We have read this submission. We believe that we have an appropriate level of expertise to confirm that it is of an acceptable scientific standard.

This study examined the impact of exercise-induced arterial hypertension (EIAH) on cardiac hypertrophy in normotensive healthy Ironman athletes. The hypothesis they wish to test is that elevated blood pressure values during exercise promote left ventricular hypertrophy in athletes and is one important factor causing “exercise-induced” cardiac fatigue. This is an interesting and current research topic considering that more and more evidence suggest that intense exercise training can lead to harmful cardiac remodelling in athletes who are otherwise healthy.

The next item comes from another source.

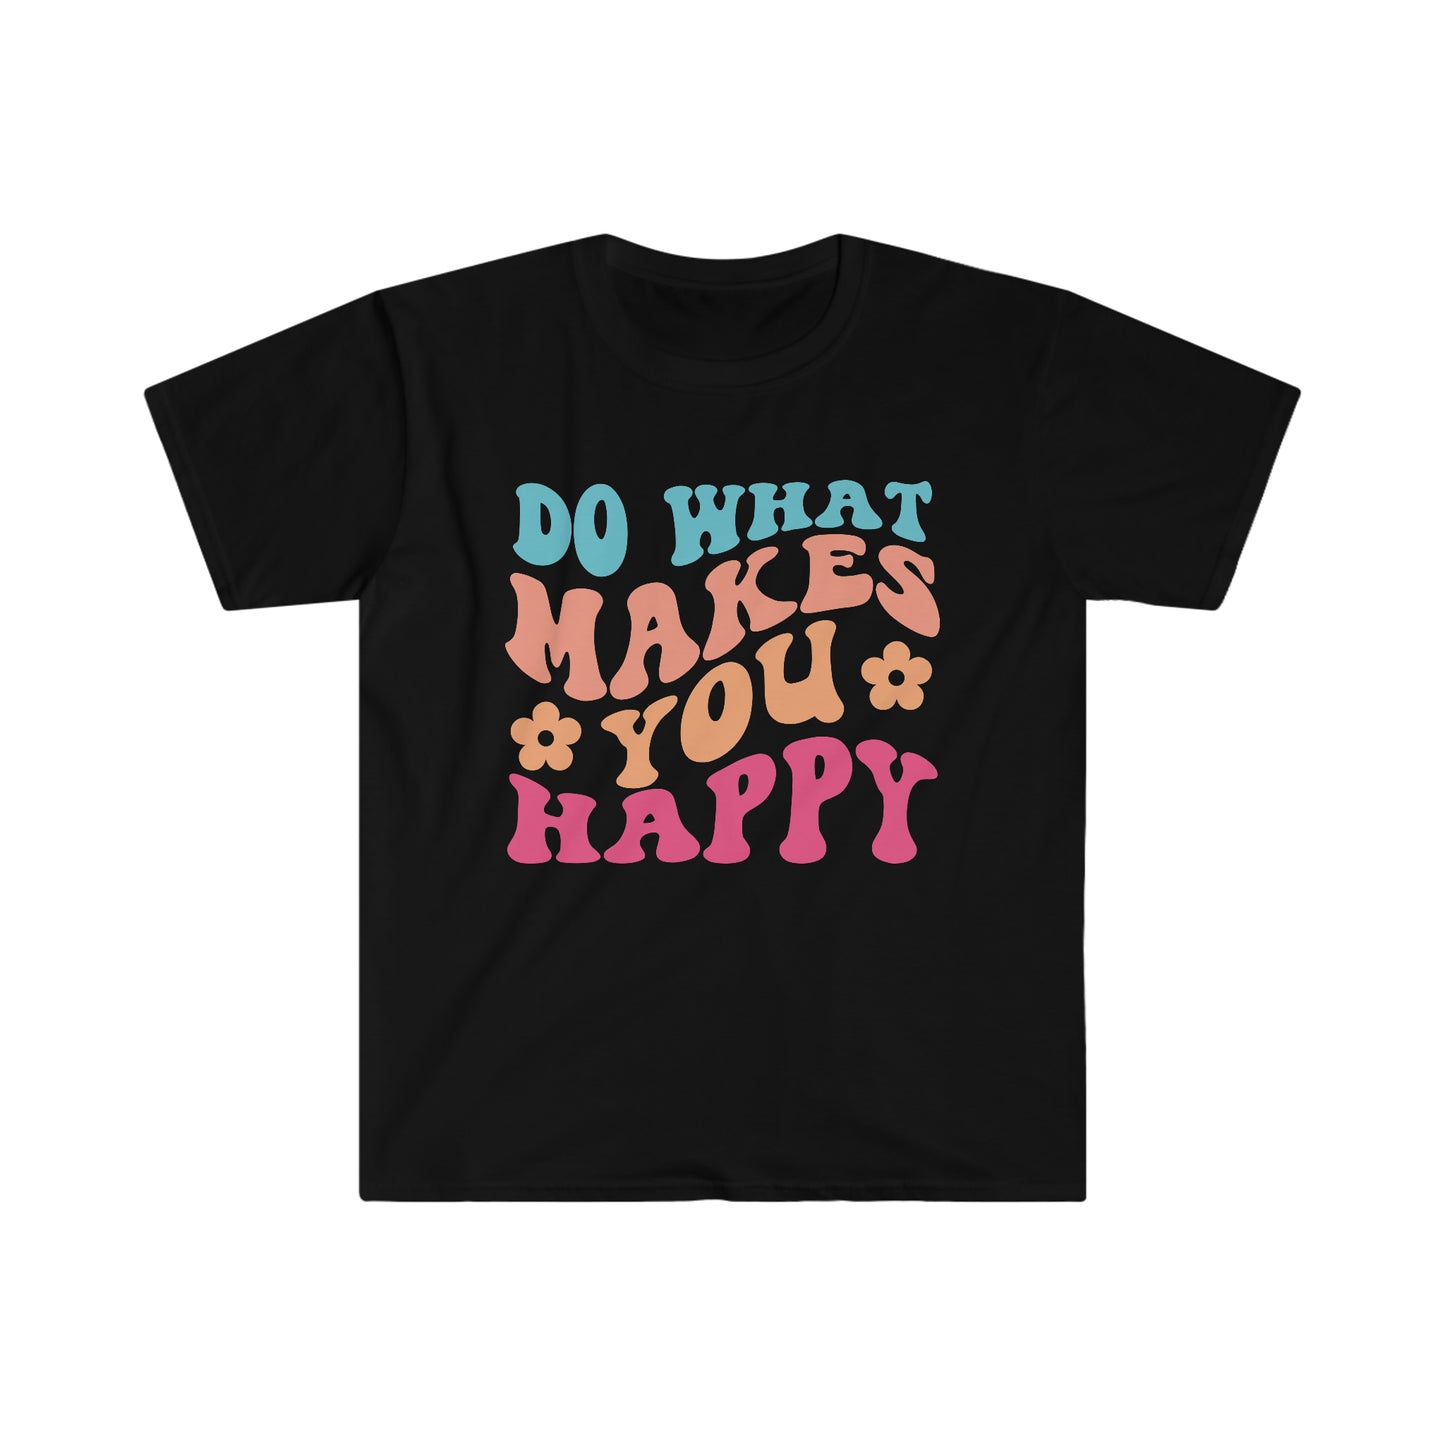 Do what makes you happy - Unisex Softstyle T-Shirt

In support of a negative role for EIAH, findings reported in this cross-sectional study indicate that left ventricular hypertrophy is associated with higher arterial blood pressure in the athletes examined. This paper provided interesting information; however, as acknowledged by the authors further research is required to clearly establish the causal relationship between EIAH and left ventricular hypertrophy. Moreover, based on the results presented in this study, it seems precipitate to suggest that endurance athletes with EIAH may require a therapeutic intervention such as low-dose ACE-inhibitors or AT1-blockers before training or competition to prevent exercise-induced cardiac hypertrophy.

The authors report that the problem of EIAH is mostly encountered in men. The authors may want to consider that this apparent sex-specific regulation of EIAH is presumably a “gender”-related differences rather than a “sex”-related difference; considering that it is likely that less women will be inclined to enrol in vigorous training such as Ironman-distance triathlon, suggesting that biological and/or physiological differences are probably not involved in the male prevalence of EIAH.

The title of the paper is somewhat misleading as the data reported in this study is not directly related to atrial fibrillation. Similarly, the study does not address the relationship between EIAH and bradycardia or QT dispersion. Furthermore, given that no data directly addressed the link between EIAH and AF, bradycardia and QT dispersion, the authors should consider revising their text to not over extrapolate their findings.

I have read this submission. I believe that I have an appropriate level of expertise to confirm that it is of an acceptable scientific standard.